Denda Jadi Salah Satu Penyebab BPJS 'Diharamkan'

Kantor Pusat BPJS Kesehatan
Sumber :
  • VIVA.co.id/Ahmad Rizaluddin

VIVA.co.id - Kesehatan merupakan hak dasar setiap orang, dan seluruh warga negara berhak mendapatkan pelayanan kesehatan.

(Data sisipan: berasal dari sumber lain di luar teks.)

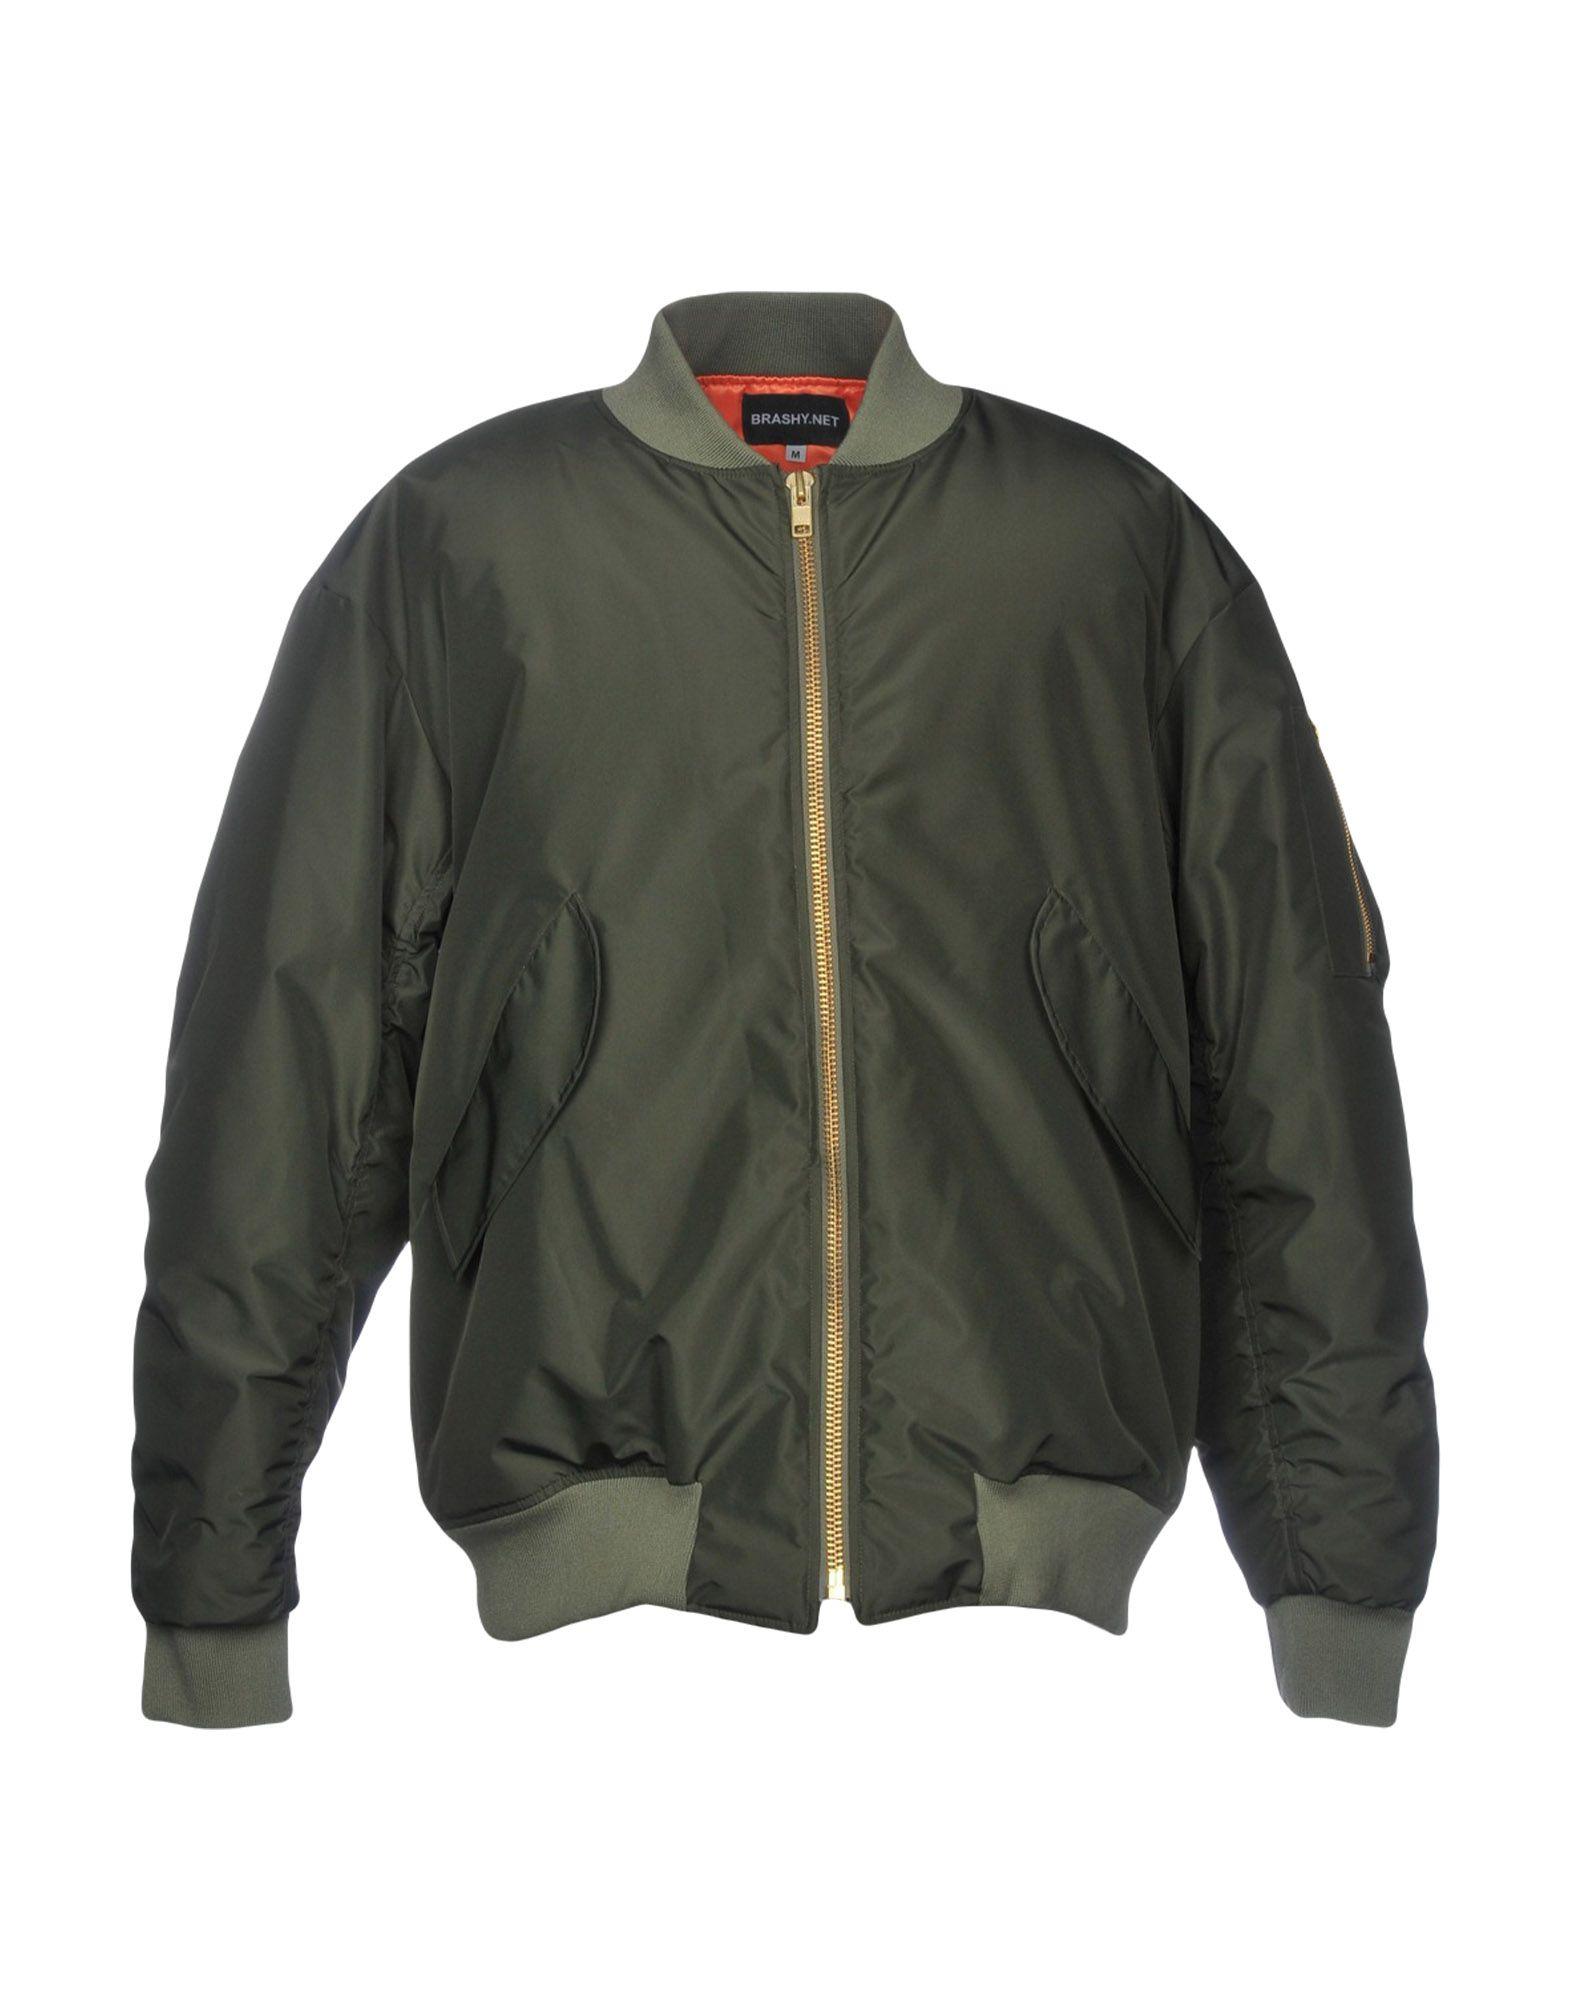 BRASHY Jackets in Military Green
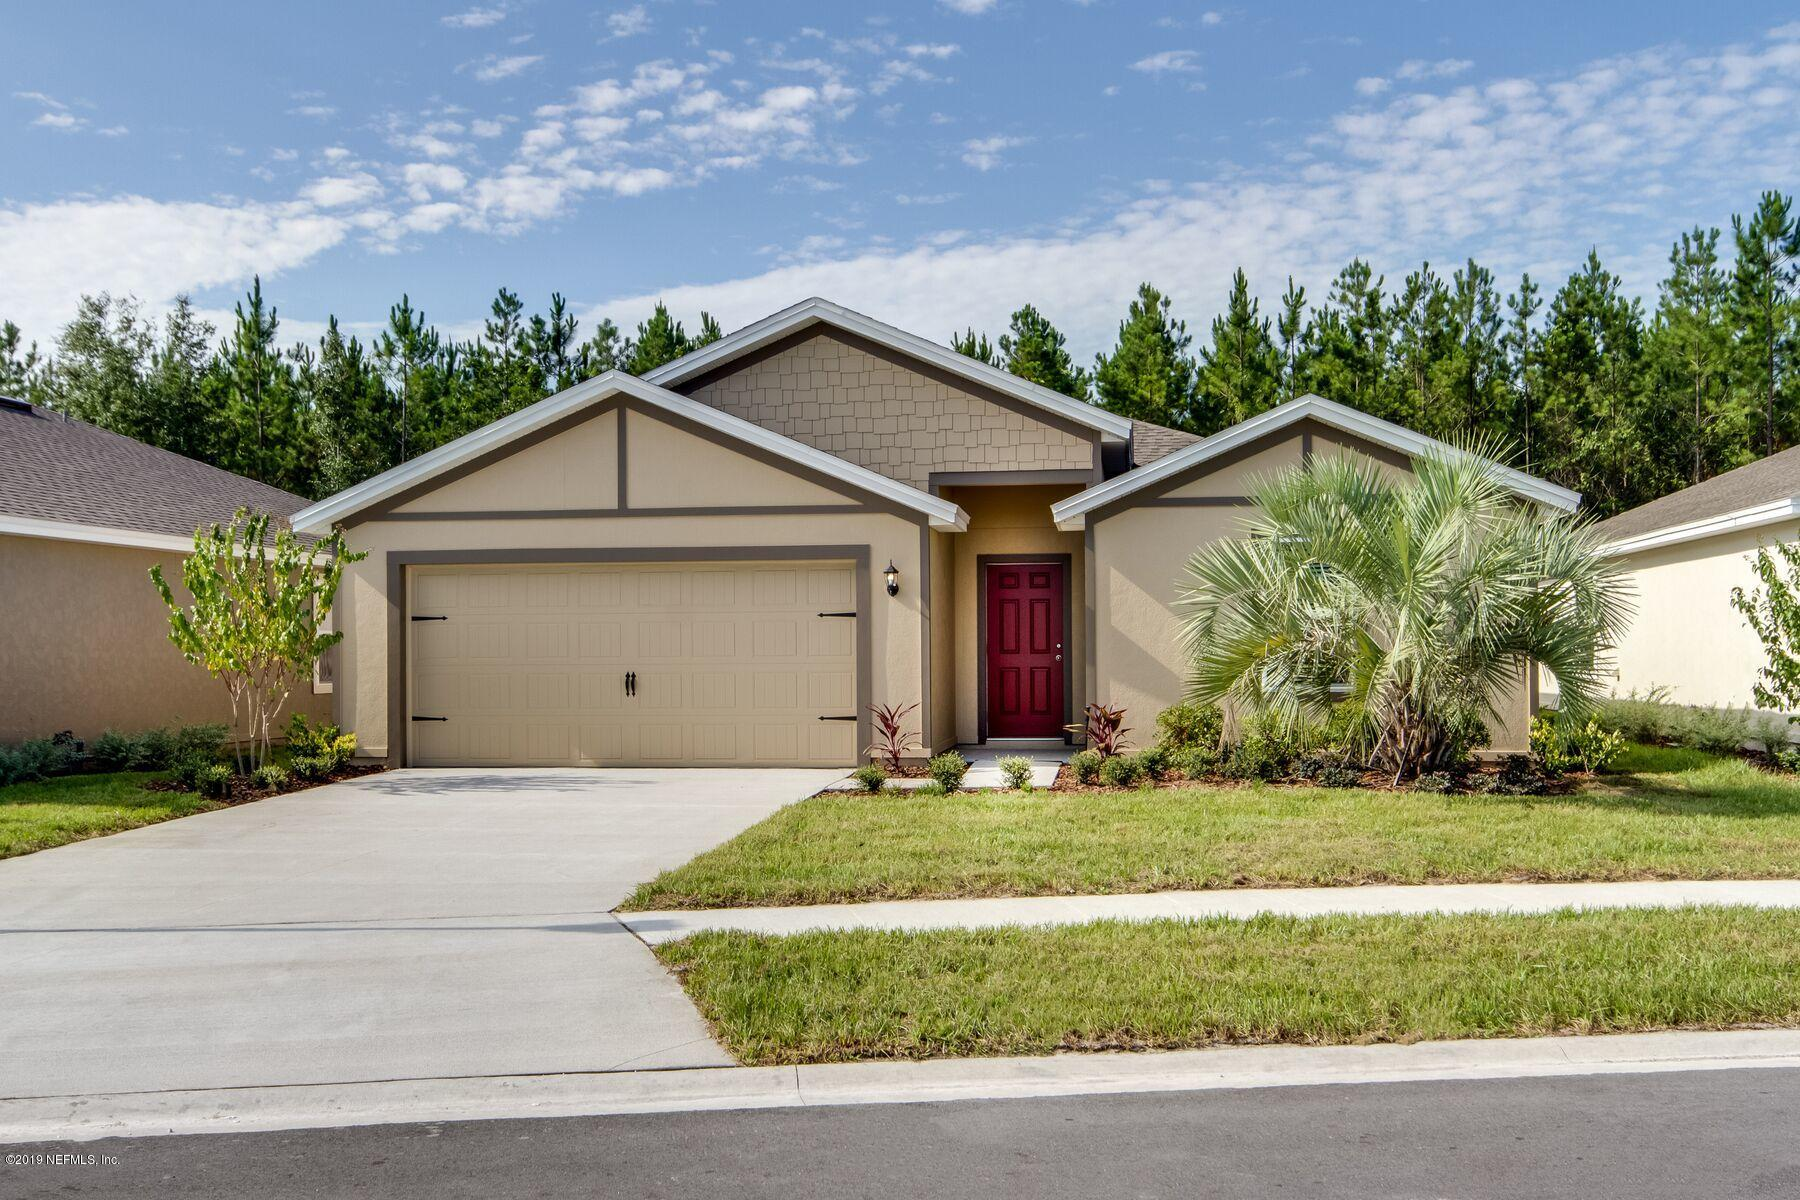 8673 LAKE GEORGE, MACCLENNY, FLORIDA 32063, 5 Bedrooms Bedrooms, ,3 BathroomsBathrooms,Residential,For sale,LAKE GEORGE,1058123

Pemerintah pusat dan daerah telah melakukan beberapa upaya untuk meningkatkan kemudahan akses masyarakat pada fasilitas kesehatan.

Beberapa payung hukum yang dibuat adalah Undang- Undang Nomor 40 Tahun 2004 tentang Sistem Jaminan Sosial Nasional(UU SJSN) dan Undang-Undang Nomor 24 Tahun 2011 tentang Badan Penyelenggara Jaminan Sosial(UU BPJS).

Majelis Ulama Indonesia atau yang lebih dikenal MUI sebenarnya menyambut baik diterbitkannya UU No. 24 Tahun 2011 tentang Badan Penyelenggara Jaminan Sosial(BPJS).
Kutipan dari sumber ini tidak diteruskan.